- **Work instructions**
Return the lines of the data below starting at the one holding "COLIBROX--LED Reading Light" and ending at the one holding "Keto Dinner Recipes", word for word, leaving every picture out.

(Beginning of Available data)

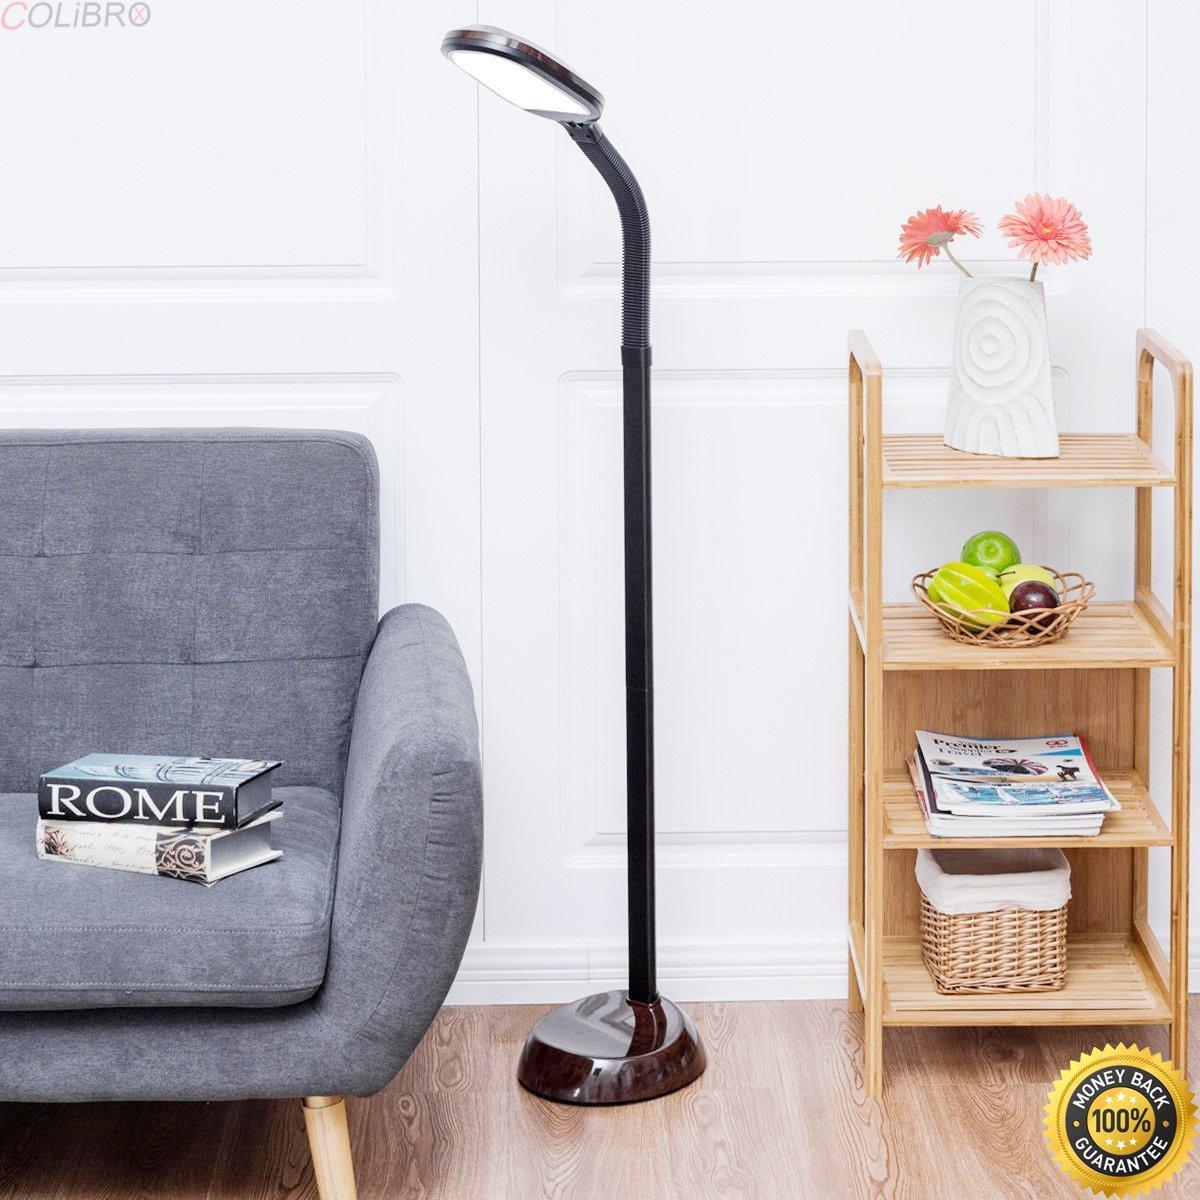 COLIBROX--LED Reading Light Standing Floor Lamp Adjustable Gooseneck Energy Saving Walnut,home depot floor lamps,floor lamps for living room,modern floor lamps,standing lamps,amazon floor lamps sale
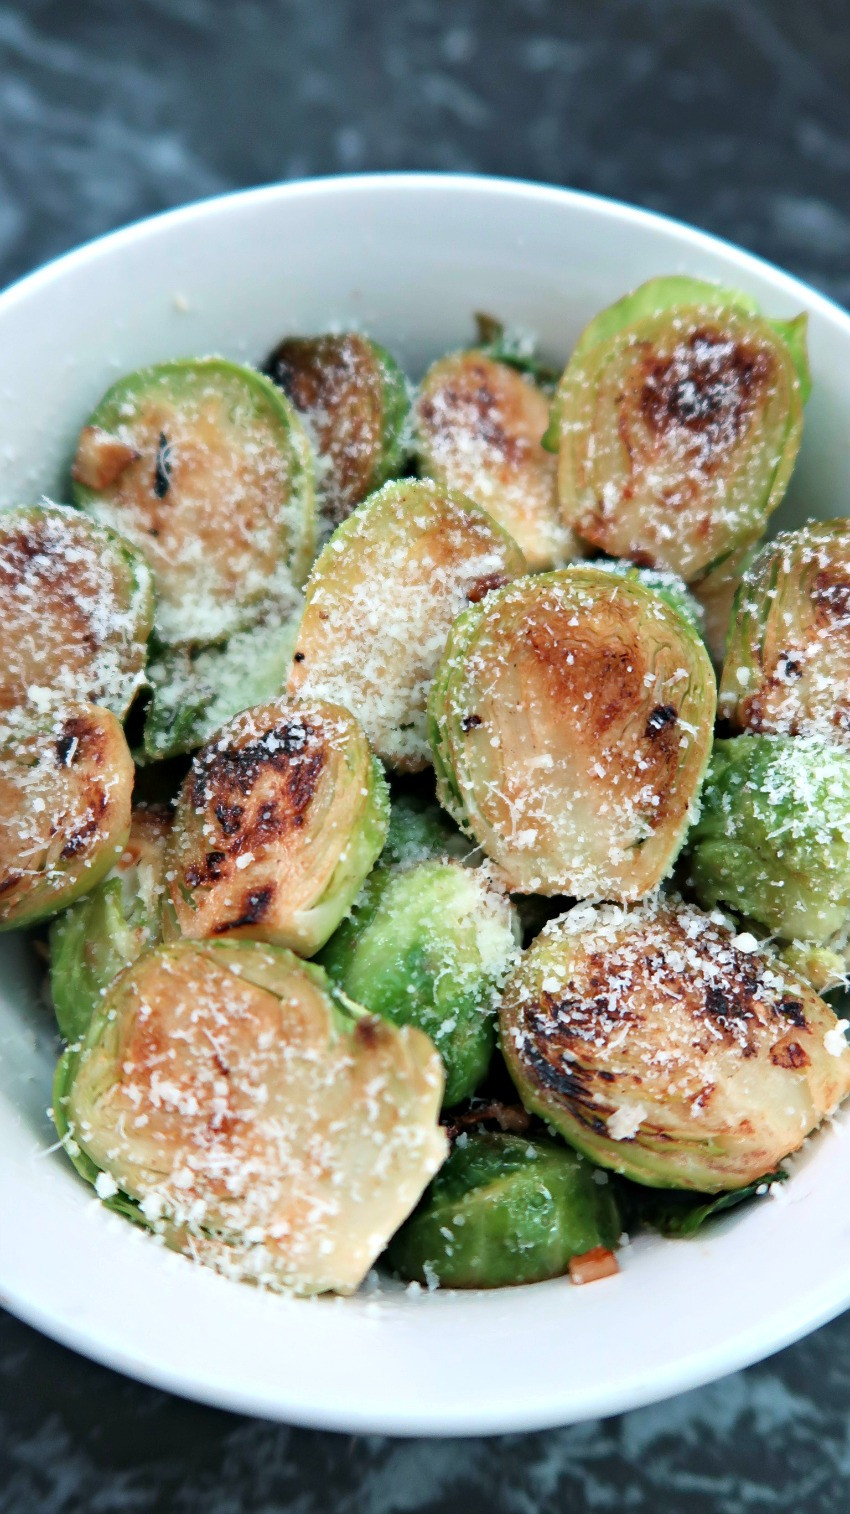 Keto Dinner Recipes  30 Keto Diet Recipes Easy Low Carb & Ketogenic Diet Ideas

(End of Available data)
(Beginning of Available data)

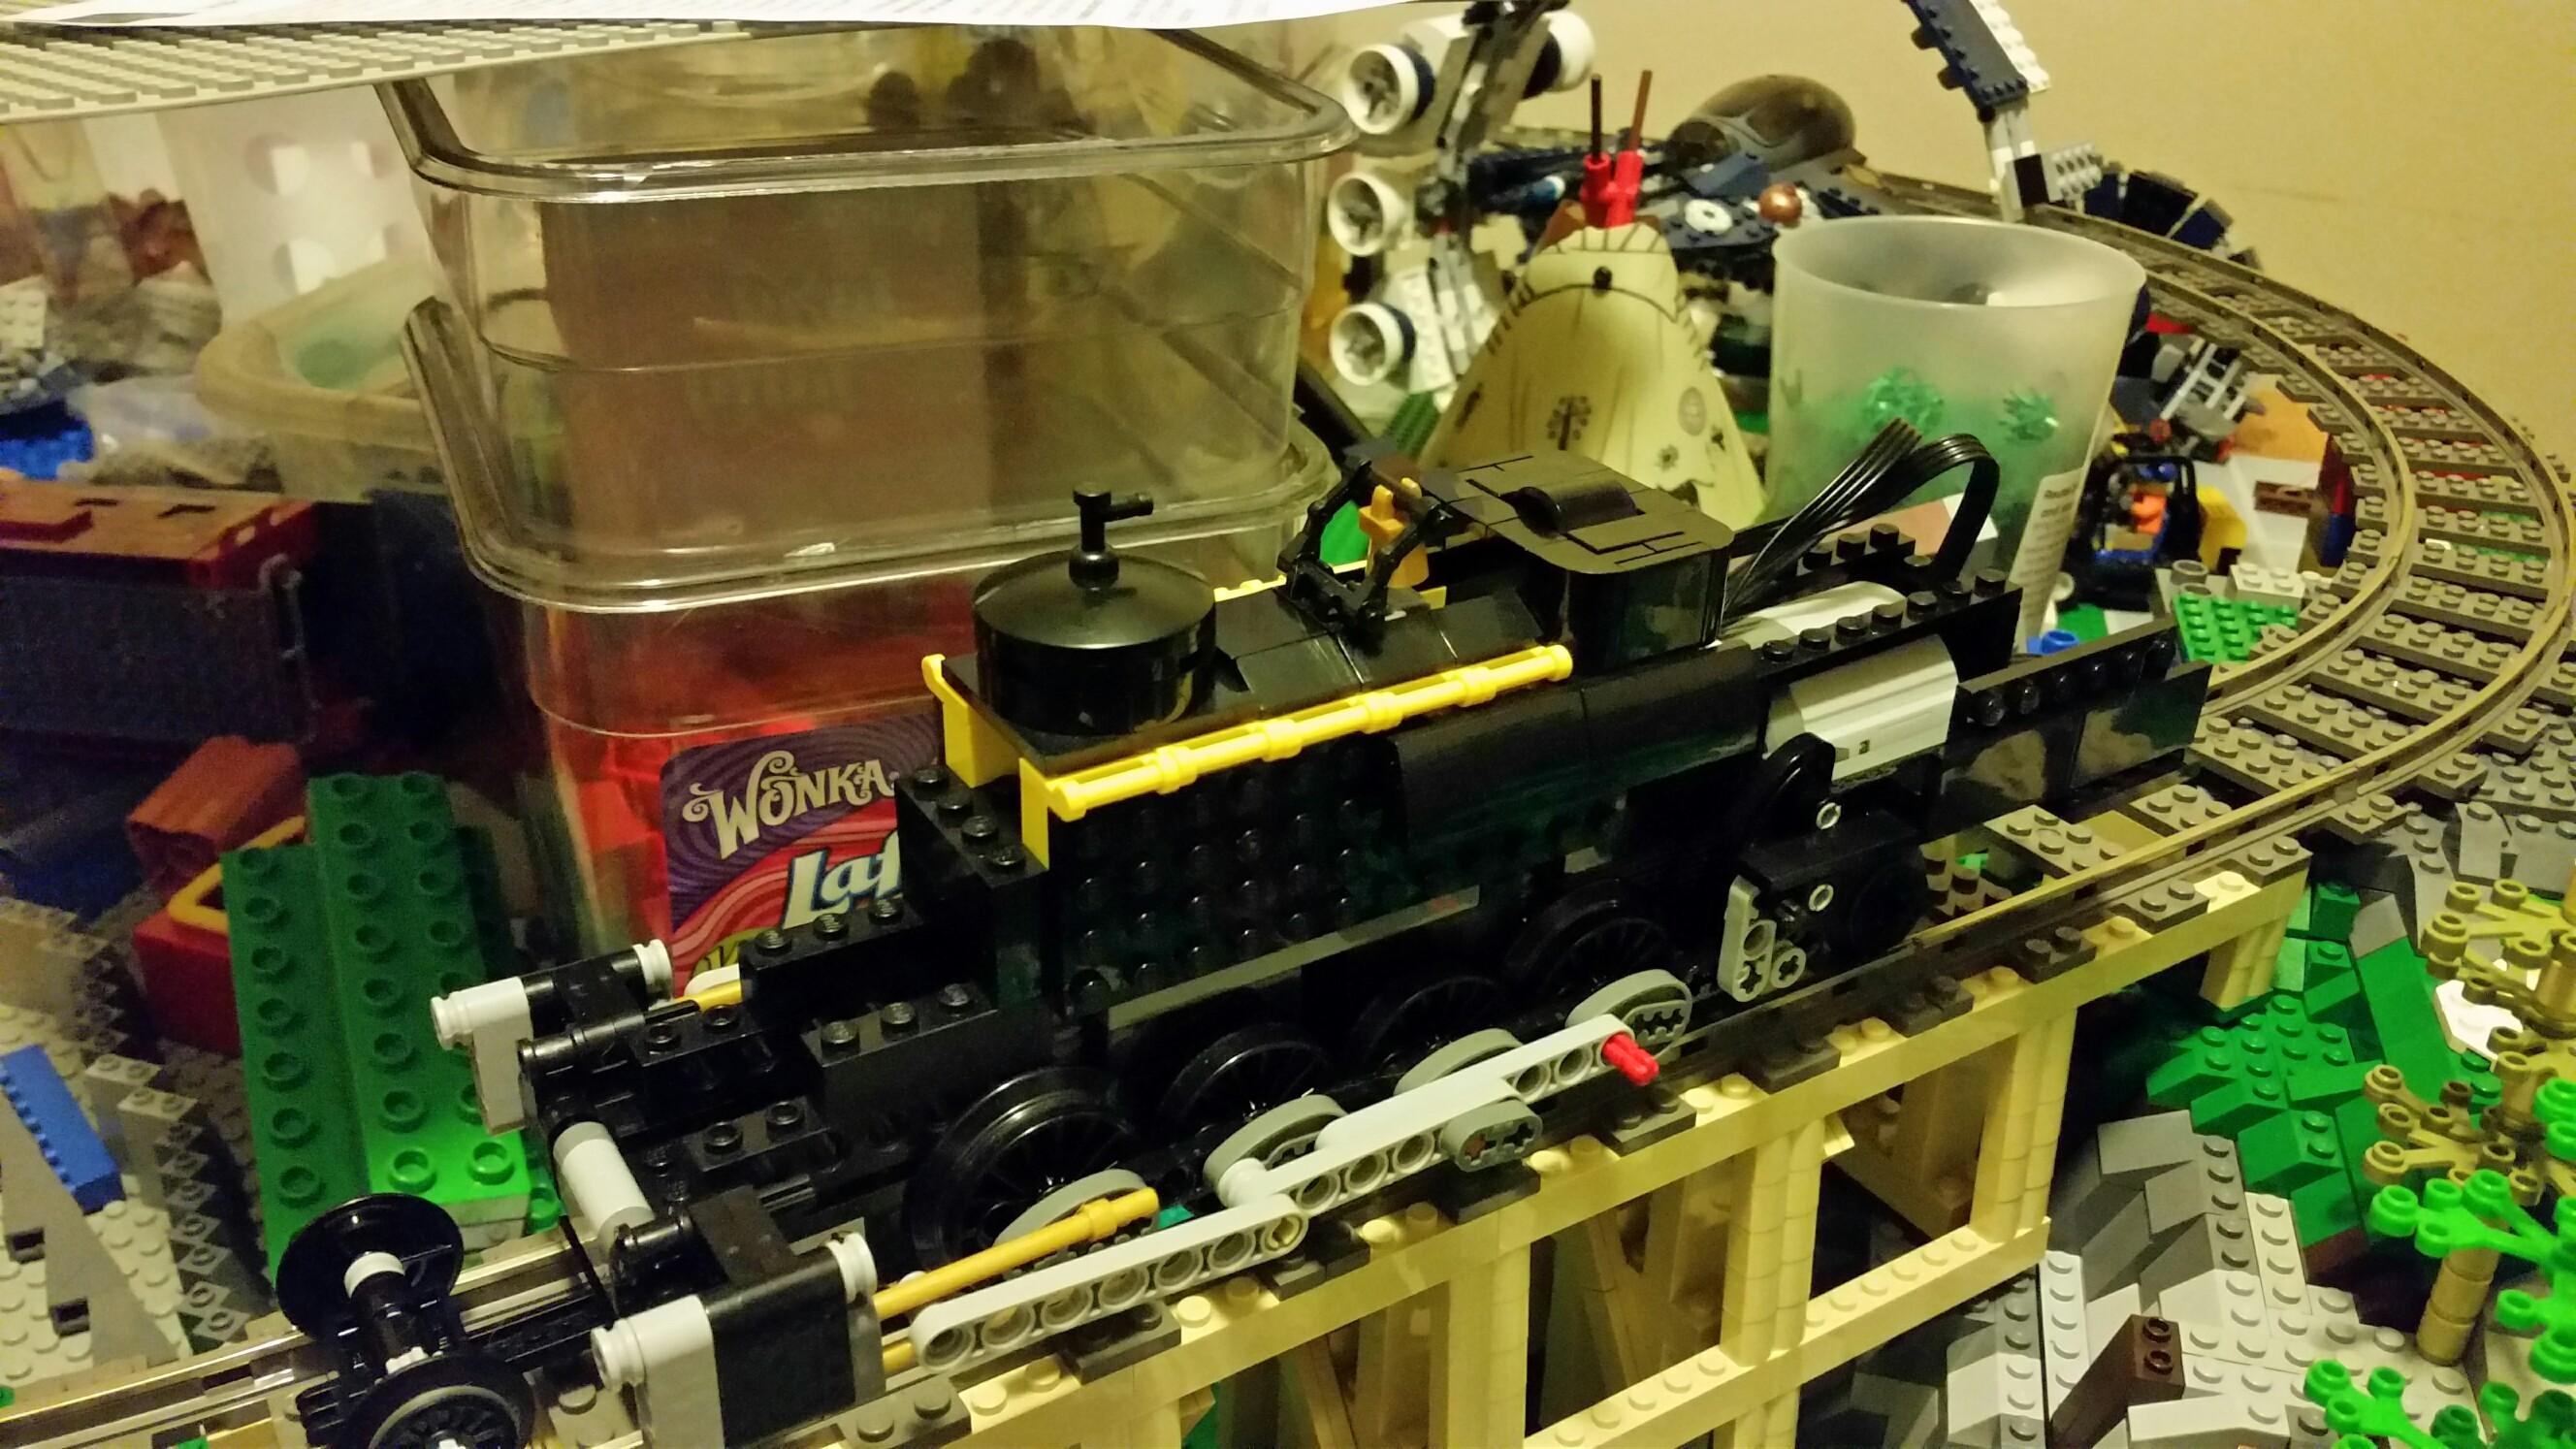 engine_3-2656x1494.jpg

(End of Available data)

- **Your solution**
 COLIBROX--LED Reading Light Standing Floor Lamp Adjustable Gooseneck Energy Saving Walnut,home depot floor lamps,floor lamps for living room,modern floor lamps,standing lamps,amazon floor lamps sale
 Keto Dinner Recipes  30 Keto Diet Recipes Easy Low Carb & Ketogenic Diet Ideas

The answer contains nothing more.